А в цепи наступающих тем временем вновь родился боевой клич, и, пожалуй, именно этот нечеловеческий вой, от которого стыла в жилах кровь, более, нежели пули и картечь южан, окончательно уверили нью-йоркцев, что свой долг они исполнили и пора делать ноги. К чести северян, они не побежали. Нет, медленно и с достоинством они отступали от засеки, угощая свинцом противника и неся потери сами.

— Спокойнее, парни, спокойнее! — приговаривал майор.

Раненые молили взять их с собой, но каждый здоровый думал о том, что, взявшись помочь увечному товарищу, он должен будет повесить винтовку на плечо, значит, мятежники получат парой пуль меньше. А огонь нью-йоркцев и без того слабел, но они отступали, огрызаясь и не паникуя.

— Молодцы, ребята! — надсадно крикнул майор сухим ртом.

Что-то ударило его в левую руку, больно и тяжко, будто кувалдой. Из рукава закапала кровь.
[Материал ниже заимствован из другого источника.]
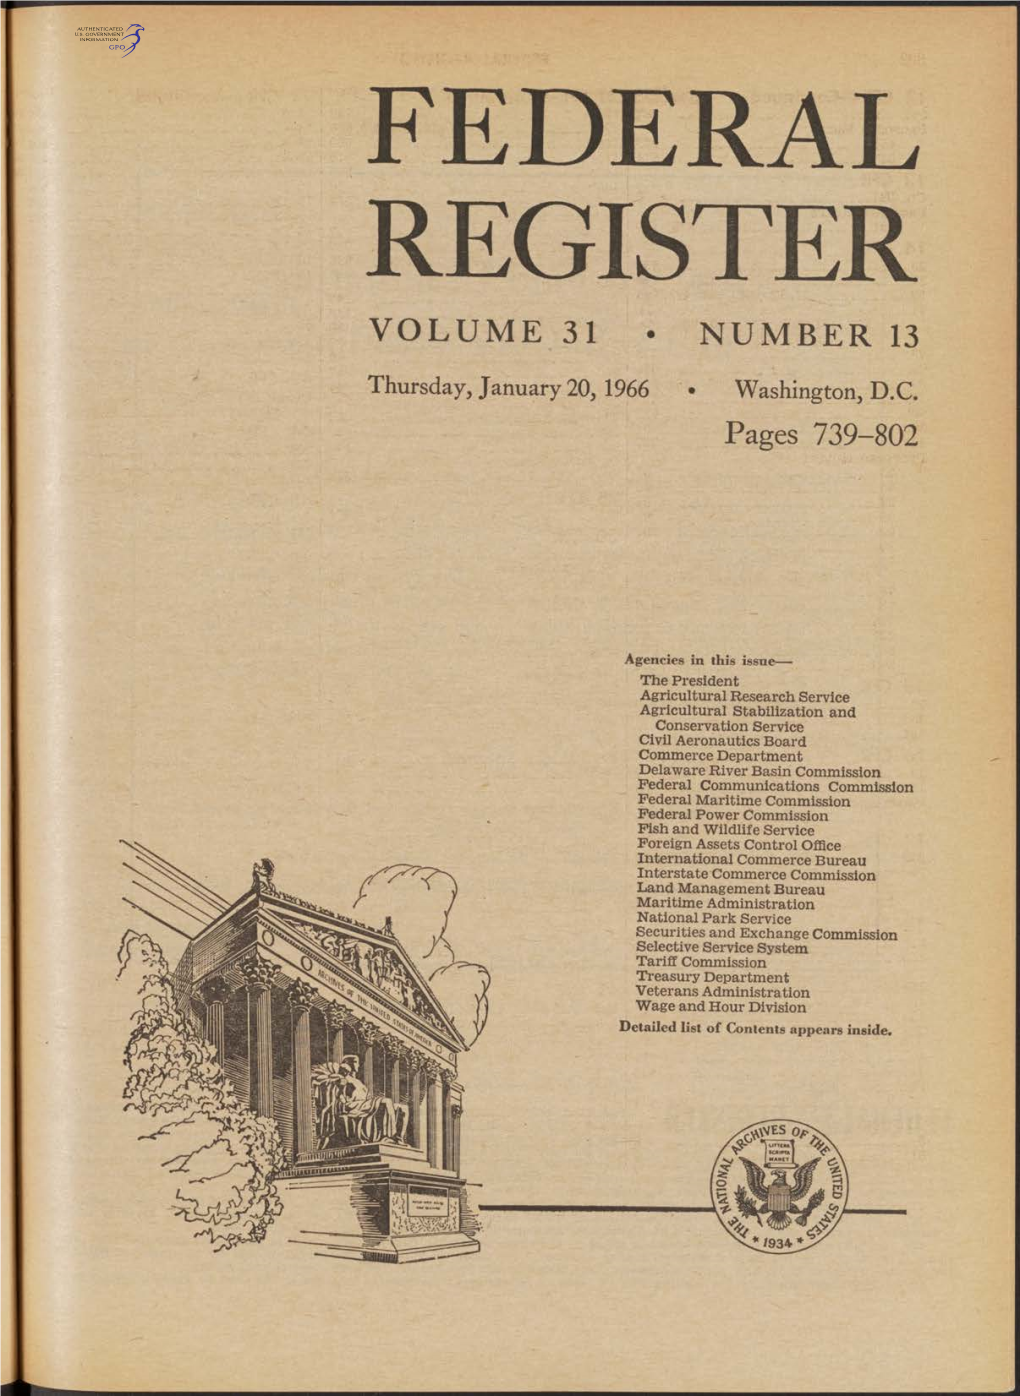 Federal Register Volume 31 • Number 13

Он попытался сжать кисть в кулак, но пальцы остались недвижимы, только слегка дёрнулся мизинец. Майор согнул руку в локте и поднял вверх, чтобы остановить кровь. Наползла предательская слабость, но майор усилием воли совладал с ней.

— Молодцы, парни! Так держать! — заорал он, глуша страх.

Рукав на локте потемнел от крови.

Южане подобрались к засеке и палили, положив ружья на брёвна, из которых она была сложена. Местами мятежники начали разбирать преграду, другие отыскали проходы и немедленно ими воспользовались. Пушкари северян, заставив занервничать и перейти на бег пехоту, бросили застрявшие пушки и дали стрекача на спинах орудийных коней. Не все, впрочем. Офицер-артиллерист метался у пушек, пытаясь заклепать гвоздями запальные отверстия, пока его не подстрелили прорвавшиеся южане. Умирающего бедолагу добили штыками и принялись шарить по карманам.

Майор из Нью-Йорка кое-как наложил турникетную повязку на руку выше локтя. Лошадь его тем временем забрела между рядов полковых палаток, час и вечность назад приготовленных для утреннего смотра. Боковые и входные клапаны были подвёрнуты, подстилки выметены, постели сложены. Костры догорали. Над одним всё ещё висел котелок с давно выкипевшим кофе. Валялись рассыпанные игральные карты.

Преодолев засеку, конфедераты поднажали, и нью-йоркцы покатились через бивуак дальше, к перекрёстку с отдельно стоящими семью величественными соснами, где виднелись пушки покрупнее калибром, чем брошенные двенадцатифунтовики; где проходила засека посолиднее, чем взятая южанами; и где войск северян имелось побольше, чем разбитый нью-йоркский батальон. А лагерь нью-йоркцев, полный еды, кофе, всяких полезностей и приятностей, присланных любящими семьями воинам, ведущим святую борьбу за сохранение Союза, достался дерущимся за право жить по своему разумению южным оборванцам.